# Estimate Multivariate Normal or StudentT distribution parameters for three dimensional data

hi,

i acquired data using an MEG / EEG from a number of participants. for each participant, i have a matrix of data with the shape `(n_channels, n_samples)`, where `n_channels` is the number of electrodes or magnetometers i acquired the data from and `n_samples` are voltages or magnetic field strength that i measured every `x` ms (typically 1ms or 10ms)…

the data in the matrix are averaged data from a number of events that all happened at the same time. for instance, i know that at sample 20, an image was shown to the participants.

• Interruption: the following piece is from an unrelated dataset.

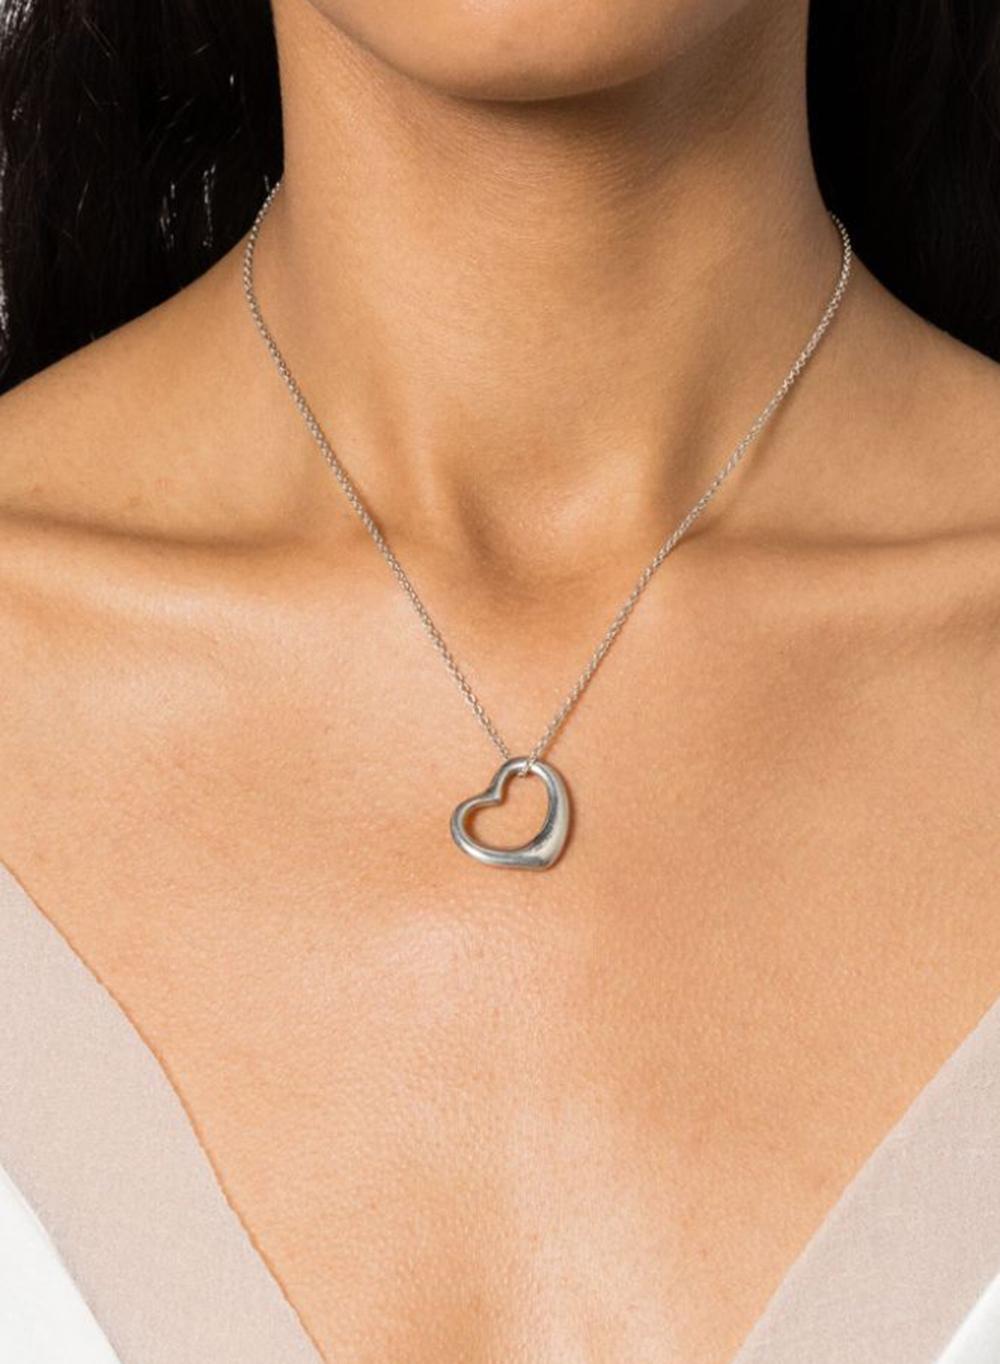 Tiffany & co by Elsa Perreti Open Heart Silver Sterling Necklace In Good Condition For Sale In Paris, FR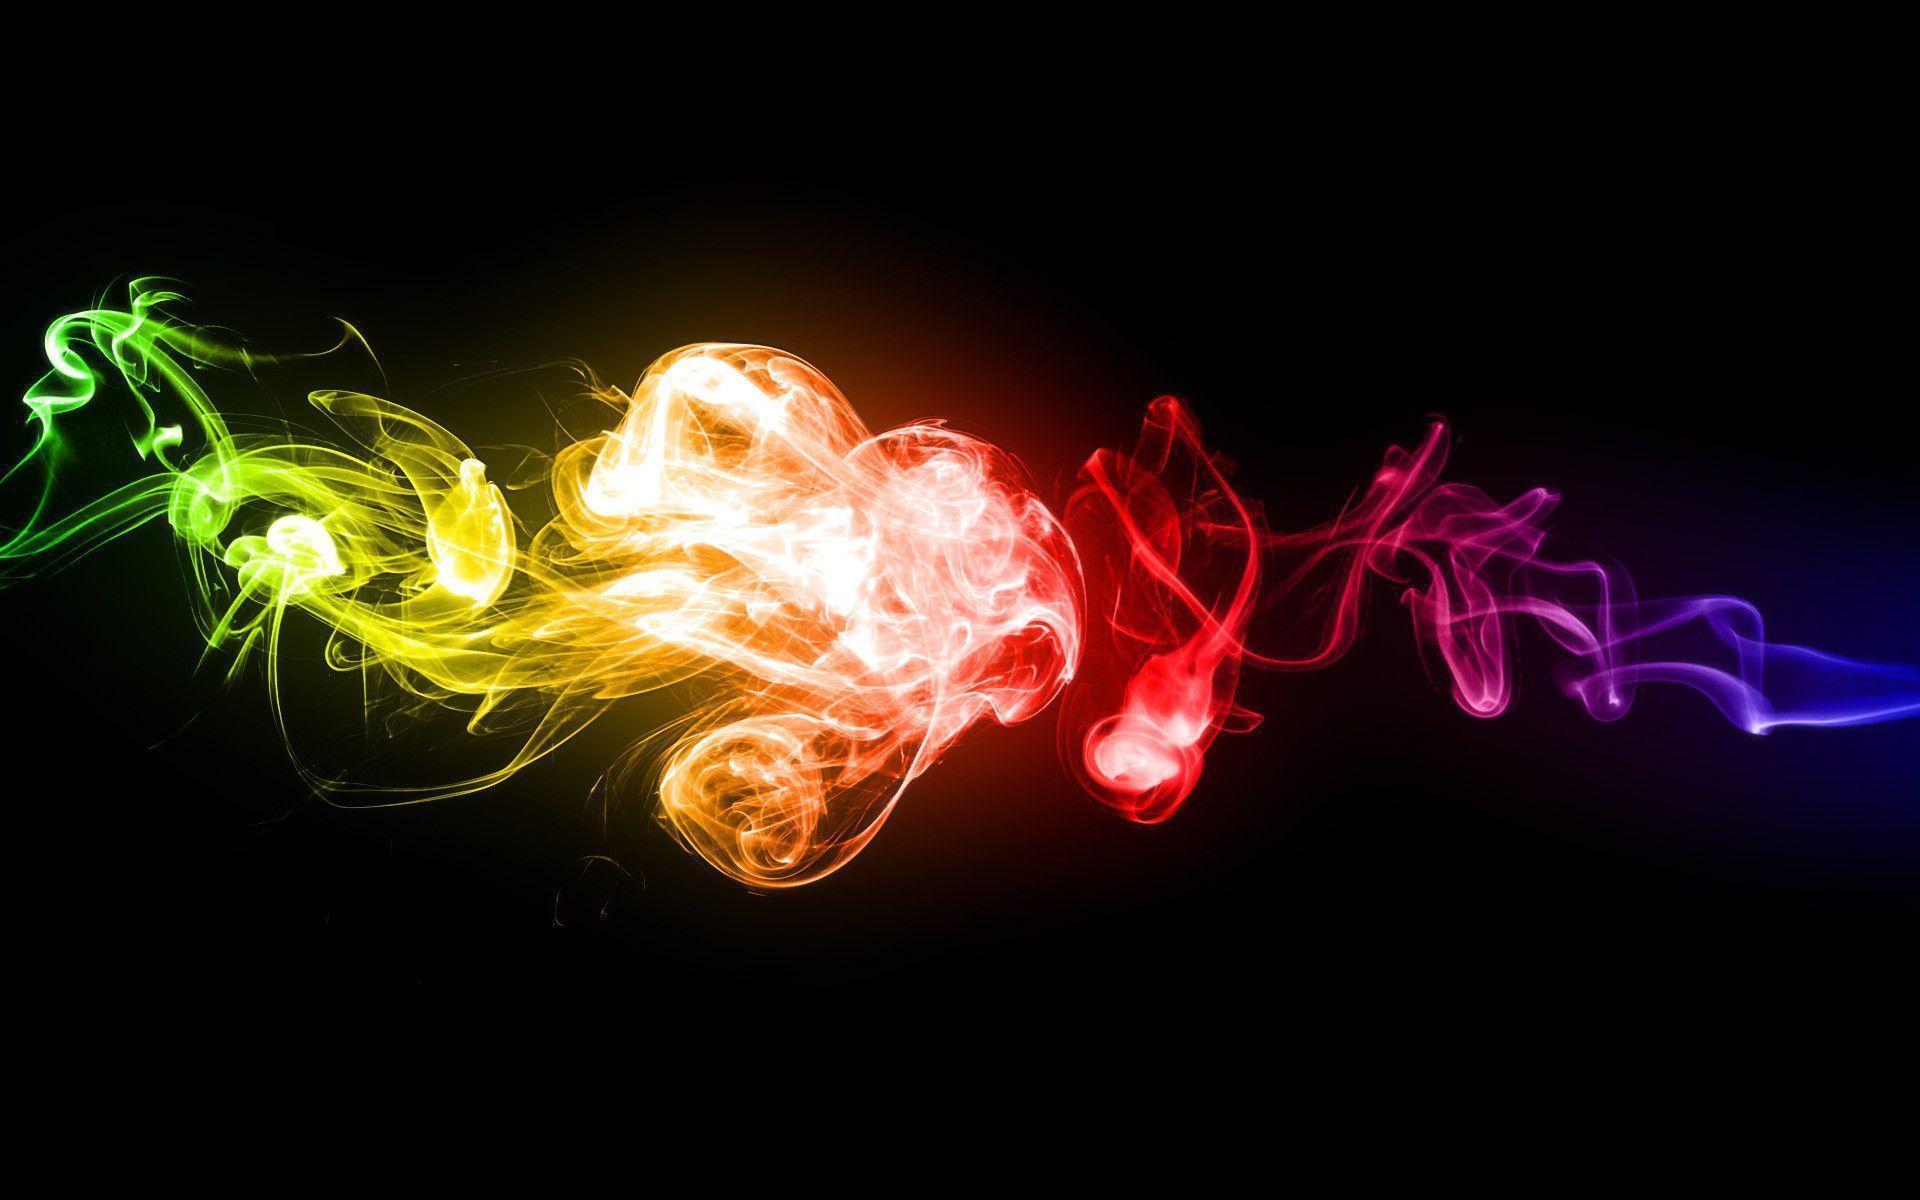 Wallpaper For > Colorful Weed Smoke Background

i thus concatenate the data over all participants, so i have a 3d matrix of the shape `(n_participants, n_channels, n_samples)`. What I want is an estimate of the mean at each of the samples and channels.

with the help of @jlindbloom, i came up with this model, that works quite nicely (the scale of the data is in the range of 1e-12, so i need the normalizing):

``````nu_min=2.5,
nu_mean=30

norm_factor = np.std(data)

with pm.Model() as model:
n_channels = data.shape[1]
n_samples = data.shape[2]

mu_normalized = pm.Normal('mu normalized', mu=0, sigma=1,
shape=(n_channels, n_samples))
mu = pm.Deterministic('mu', mu_normalized * norm_factor)
std_normalized = pm.Uniform('std normalized', lower=1e-1, upper=1e1,
shape=(n_channels, 1))
std = pm.Deterministic('std', std_normalized * norm_factor)
nu = pm.Exponential('nu', 1 / (nu_mean - nu_min),
shape=(n_channels, 1)) + nu_min

modeled_data = pm.StudentT('modeled', mu=mu, nu=nu, sigma=std,
observed=data)
``````

as i said, this works really well.

but the thing is: the model assumes that the covariance of the channels is diagonal. and this is not the case. the correlation is actually quite high and i would like to factor this into my model.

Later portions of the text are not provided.